Невольница вышла, смеясь; маркиз несколько времени оставался пораженный удивительным хладнокровием и равнодушием молодой девушки.
Прошло несколько минут, в продолжение которых оба собеседника смотрели друг на друга, не произнося ни одного слова. Вскоре опять послышались тихие шаги негритянки, и она появилась, держа в руках серебряный поднос, на котором находилось mate, сигаретки из маисовой соломы и серебряное же braserito с огнем.
Феба подала mate и хотела уйти.
— Останься, — сказала ей донна Лаура, — то, что будет теперь говорить маркиз, не так важно, чтобы ты, родившаяся в нашем доме, не могла слушать.
Служанка поставила на стол поднос, который она держала, и фамильярно легла у ног своей госпожи, обменявшись с ней насмешливой улыбкой, усилившей бешенство маркиза, если только это было возможно; однако он не сделал ни малейшего замечания и не выказал впечатления, произведенного на него этой новой насмешкой.
— Хорошо, — сказал он наклонясь, — я буду продолжать при вашей невольнице, сеньорита; мне все равно, кто слушает меня и кто слышит; к тому же, успокойтесь, мне остается вам сказать только несколько слов, потом вы будете свободны предаться отдыху, если уж вам так хочется.
Донна Лаура вдыхала свой mate, не слушая маркиза.
— Ты никогда не кладешь в mate довольно сахару, chica, — сказала она, — этот горек; но, может быть, он лучше поддержит мое бодрствование.

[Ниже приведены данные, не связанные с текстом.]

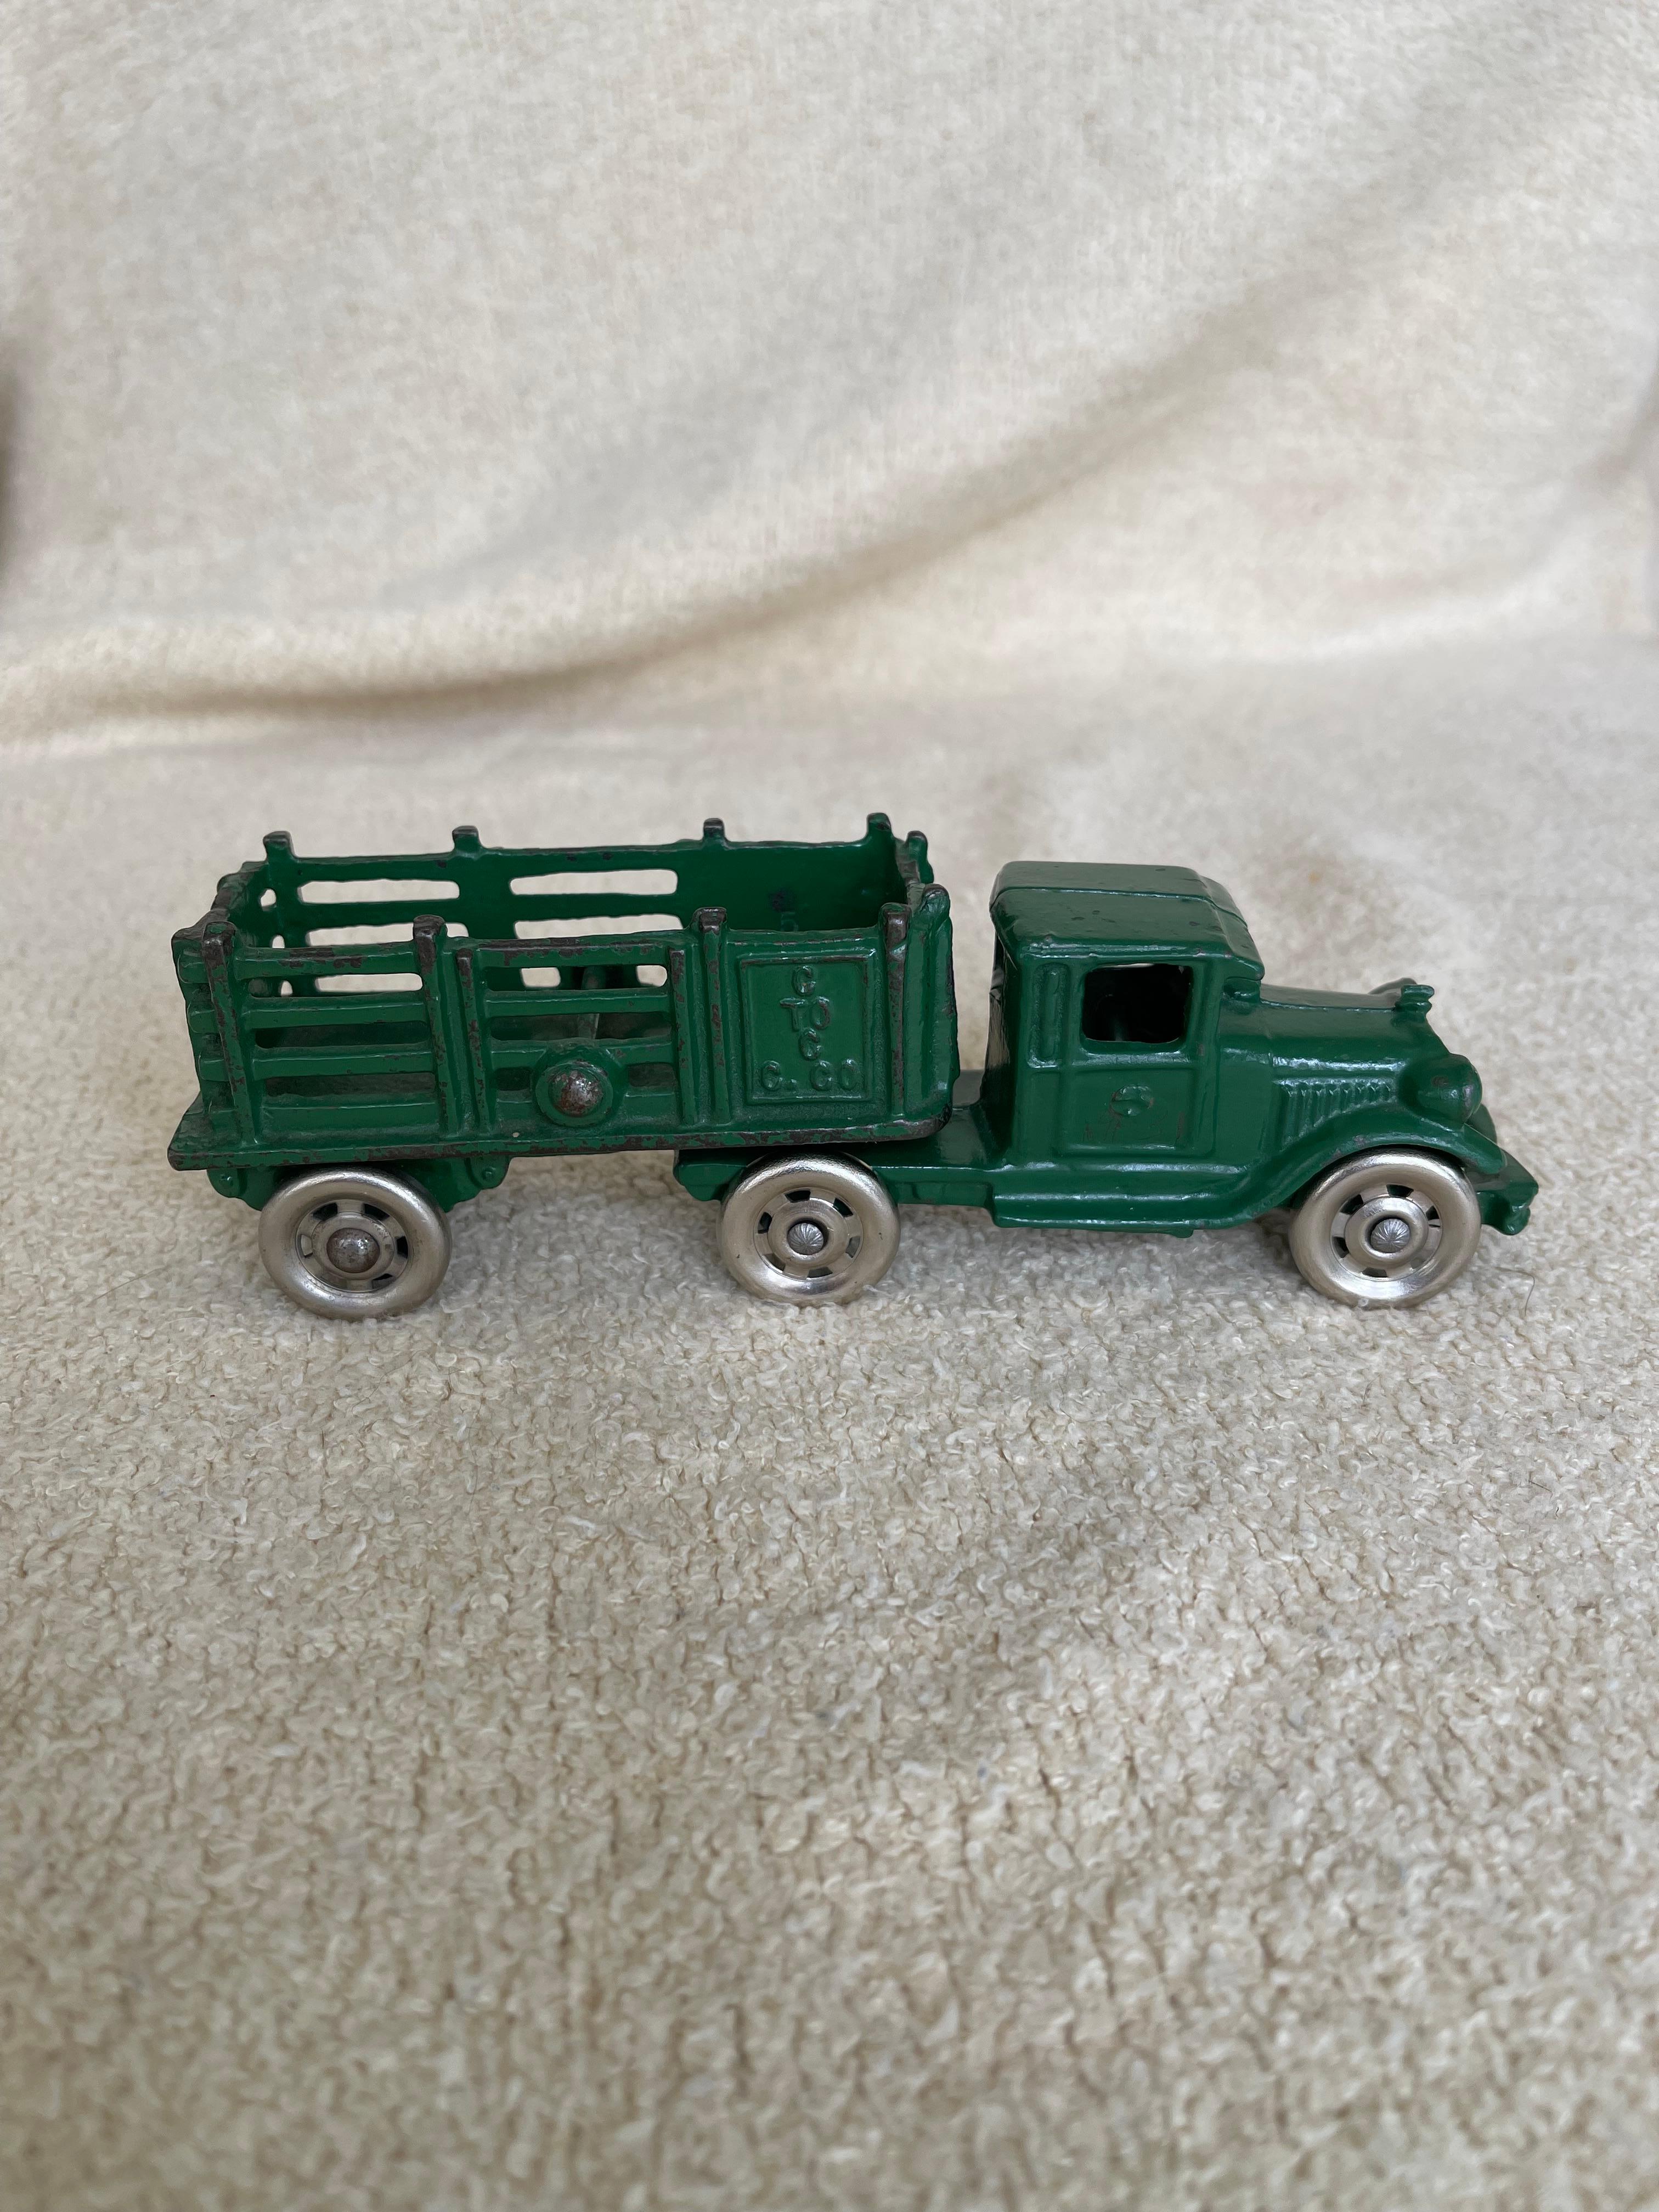  Ce magnifique camion est un bel exemple des merveilleux jouets en fonte fabriqués aux États-Unis dans la première moitié du XXe siècle. La peinture vert foncé et les roues en fer sont d'origine, et l'état de cette voiture est si difficile à

— Я вам уже говорил, сеньорита, — продолжал невозмутимо маркиз, — что, отверженный вами, я не желал, однако, отказаться от предположений, уже давно запавших в мою голову и созревших там, и решился наконец вас похитить. У человека с моим характером что решено, то тотчас же приводится в исполнение. Я не стану рассказывать вам, какие средства я употребил, чтобы обмануть бдительность и заботливость вашего семейства. Так как вы теперь здесь одни в моей власти, за несколько сот лье от жилища вашего отца, то я не только поймал в расставленные мною сети, но к тому же так хорошо запутал подозрения людей, интересующихся вашей судьбой, что они даже до сих пор не знают, какое направление им принять, чтобы напасть на ваш след.
— Нет, Феба, этот mate уж слишком горек, — сказала молодая девушка, отталкивая чашку, — дай мне лучше сигаретку.
Невольница повиновалась.
— Теперь, сеньорита, — продолжал маркиз все так же равнодушно, — я приближаюсь к концу моего разговора. То, что было до этого сказано, служило ему как бы предисловием, хотя, может быть, длинным, но за которое вы, без сомнения, извините меня. Оно мне было необходимо, чтобы вы меня хорошенько поняли. Я вас похитил, это правда, но успокойтесь: пока вы остаетесь у меня, ваша честь всегда будет защищена, даю вам в том честное слово дворянина. Вы улыбаетесь… напрасно. Я честен по-своему. Никогда, что бы такое ни случилось, я не употреблю во зло вашего положения ни для чего другого, разве только чтобы узнать от вас тайну, которую вы без всякой причины хотите сохранить. К чему вам служит знание месторождения брильянтов? Ни вы, ни кто другой из вашего семейства никогда не будете в состоянии добыть их; стало быть, вам оно совершенно бесполезно. Отчего же мне, которому все благоприятствует, который может сделать все, что захочет, не воспользоваться им? Бог не для того создал эти богатства, чтобы они вечно были зарыты. Золоту и брильянту так же нужен свет, как человеку воздух. Подумайте: отказ ваш будет бесполезен. Дайте мне верные показания, которых я ожидаю от вас, и немедленно я не только возвращу вам свободу, но еще обязуюсь доставить вас в ваше семейство, несмотря на дальнее расстояние, которое отделяет нас от него. Я доставлю вас так, что при этом ваша честь нисколько не пострадает. Это предложение вам может показаться весьма странным, тем не менее оно важно и заслуживает, по моему мнению, чтобы вы обратили на него ваше внимание. Подумайте хорошенько об этом; дело идет о вашем будущем счастье, и вы им рискуете из-за ложно понятой вами чести. Ваш отец или ваш брат, если б они были здесь, сами велели бы вам говорить, я убежден, и, когда вы возвратитесь к ним, они, увидев вас дома, с радостью оправдают вас даже в том, что вы изменили своему слову; отвечайте мне только: — Да, — и вы свободны.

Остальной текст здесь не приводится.